Jeanne, mère de Jacqueline de Romilly était une femme formidable.
Maintenant que la phase purement technique du résumé est terminée, passons à ce qui relève du subjectif: la critique de Jeanne, le livre (la femme étant maintenant hors-sujet). Avertissement de rigueur: votre serviteur n’a jamais lu de livre de l’auteur ou de sa vaillante maman. Pourquoi cette précision est-elle capitale? Rappelez vous le dernier mariage auquel vous avez assisté. Il y a de grandes chances pour que vous ayez eu à subir le rituel désormais inévitable du powerpoint.
Pour les luddites, voici une petite description de ce fléau des temps modernes. Il s’agit d’une suite de photos illustrant un certain nombre de situations plus ou moins honteuses accompagnées de commentaires de la bande de copains responsable de l’oeuvre. Si vous ne connaissez que de loin les intéressés, Il est probable que vous ayez trouvé le résultat un peu moyen. Les images sont plates, et les commentaires frôlent le cliché. La séquence n’est intéressante que pour les personnes qui ont un lien direct avec le sujet de la présentation. Pour les autres, elle n’apporte pas grand chose.
Jeanne est un hommage personnel d’une fille à sa mère. Le livre a été du vivant de Jacqueline de Romilly réservé à ses proches, et cette décision était parfaitement logique. Le manque total et assumé de recul, la constance avec laquelle les compliments sont adressés, la répétition des descriptions, tout cela aide les proches à raviver le souvenir de la disparue, mais n’apporte rien aux autres. L’hommage est magnifique. L’écriture est sensible, et parvient à conserver un certain rythme malgré le peu de choses à dire. Comme un powerpoint, le récit prend sont départ en s’appuyant sur quelques photos. la progression chronologique permet à l’auteur d’abandonner ce médium et de n’utiliser par la suite que ses propre souvenirs. Il y a quelque chose d’intéressant dans ce travail de mémoire, coloré par les sentiments de l’auteur. Malheureusement, ce thème est très peu développé; ce n’est pas le but du livre. Le but est de maintenir un être cher en vie, et tant pis pour les autres.

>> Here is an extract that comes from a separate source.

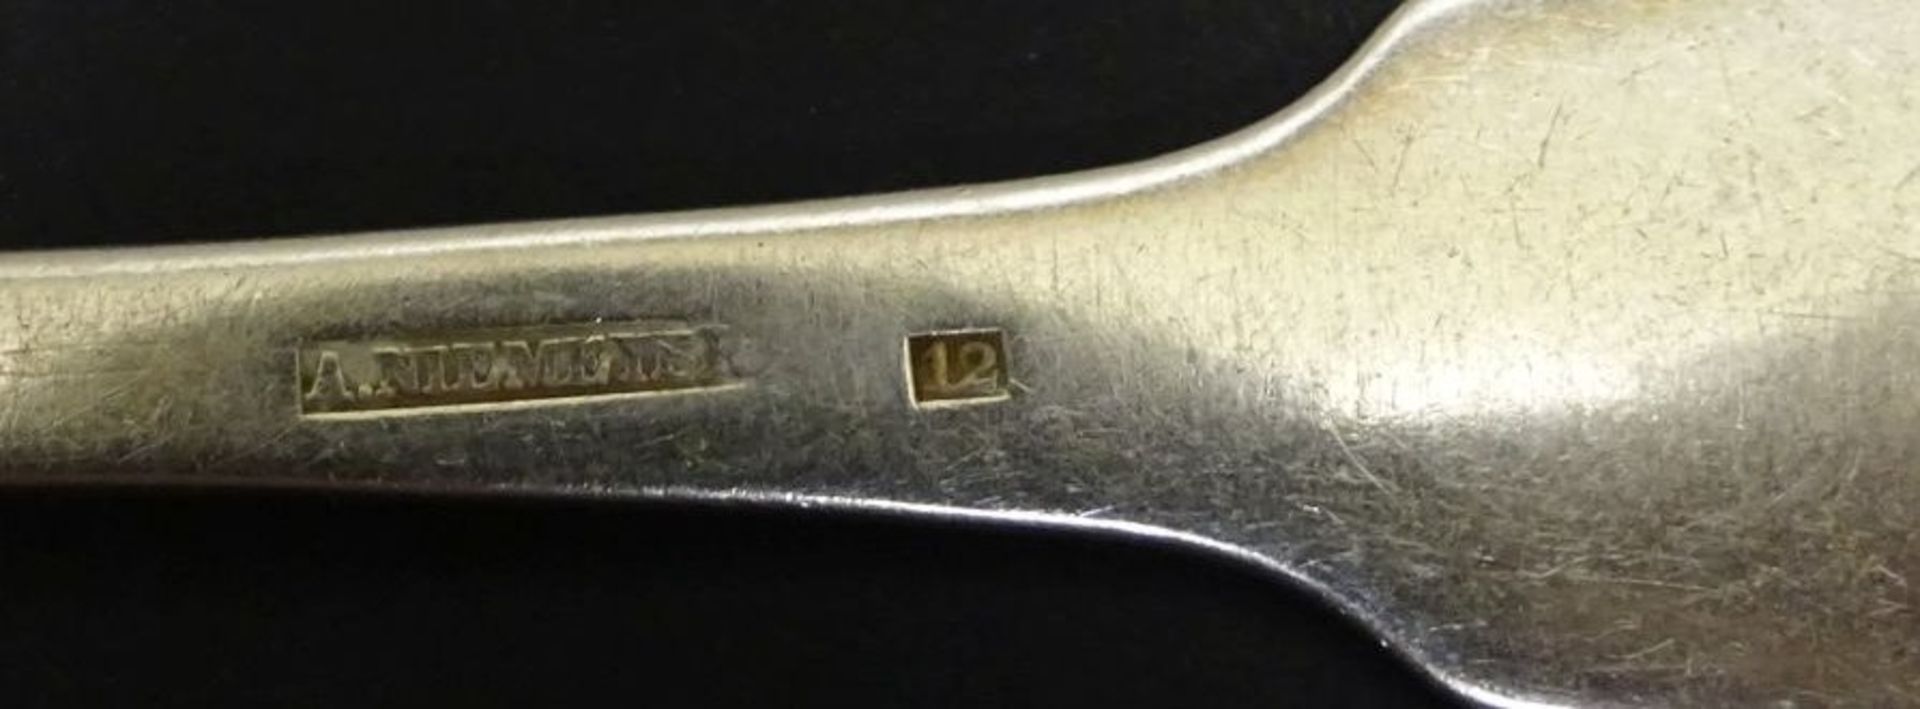 4x Silberlöffel, 12 lötig, Spatenform,mit Zier-Monogramm,Alters-u. Gebrauchsspuren, zus. 205 gr.L- - Bild 4 aus 4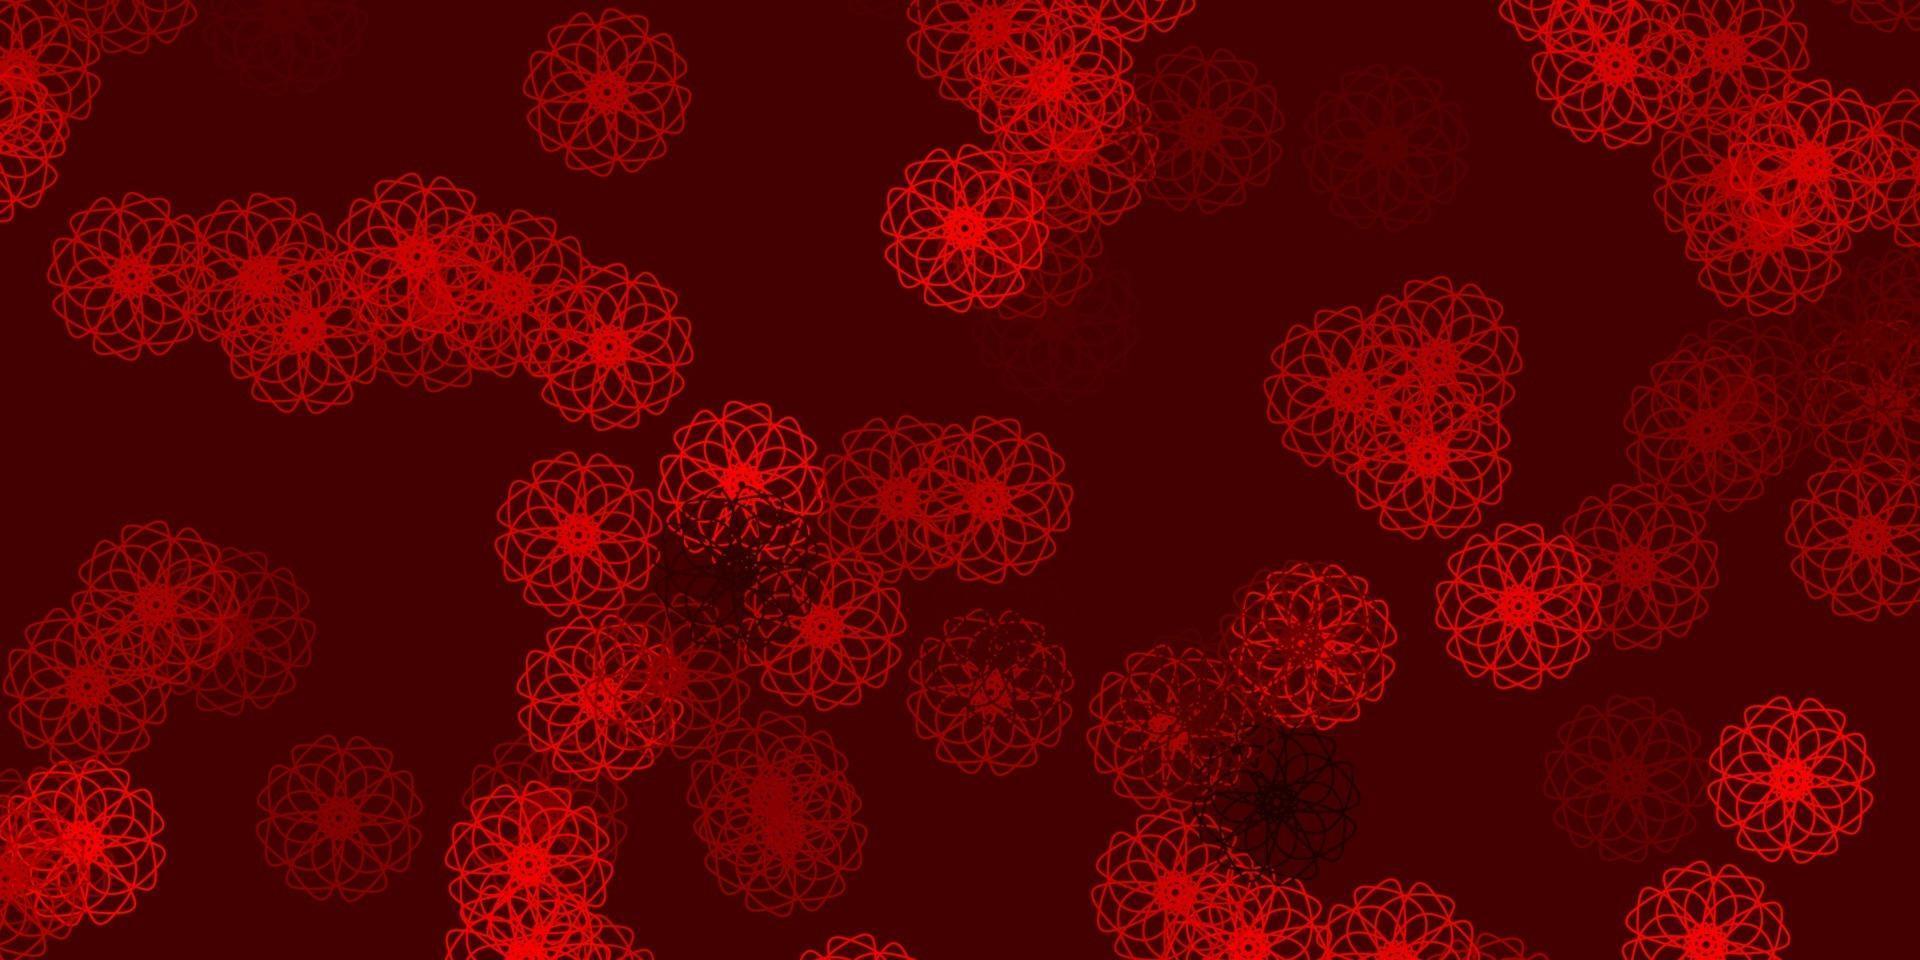 trama di doodle vettoriale rosso chiaro con fiori.

Un autre point noir vient grandement gêner la lecture. Jeanne est une femme qui a vécu dans un certain confort tout au long de sa vie. Son univers (et c’est encore plus vrai pour sa fille) était celui des lettres et des planches. Quand on voit avec quel mépris sont traitées les amies qui vont finalement passer leur vie à “traire les vaches”, avec quel distance l’auteur décrit ces individus à l’esprit frustre et simple, on ressent un certain agacement. Le livre parle d’atrocité pendant la seconde guerre mondiale quand le couple mère/fille se voit contraint de partager un logement un peu trop étroit. Tout au long du livre sont distillés des indices qui vous montrent que vous n’êtes pas du même milieu. Difficile d’adhérer à la thèse de l’auteur quand elle affirme que Jeanne est la définition du tragique.
L’élément le plus pertinent de Jeanne reste la photographie de la couverture. Avec un mélange subtil de désuet et d'impertinence, elle suffit à donner une certaine idée du personnage.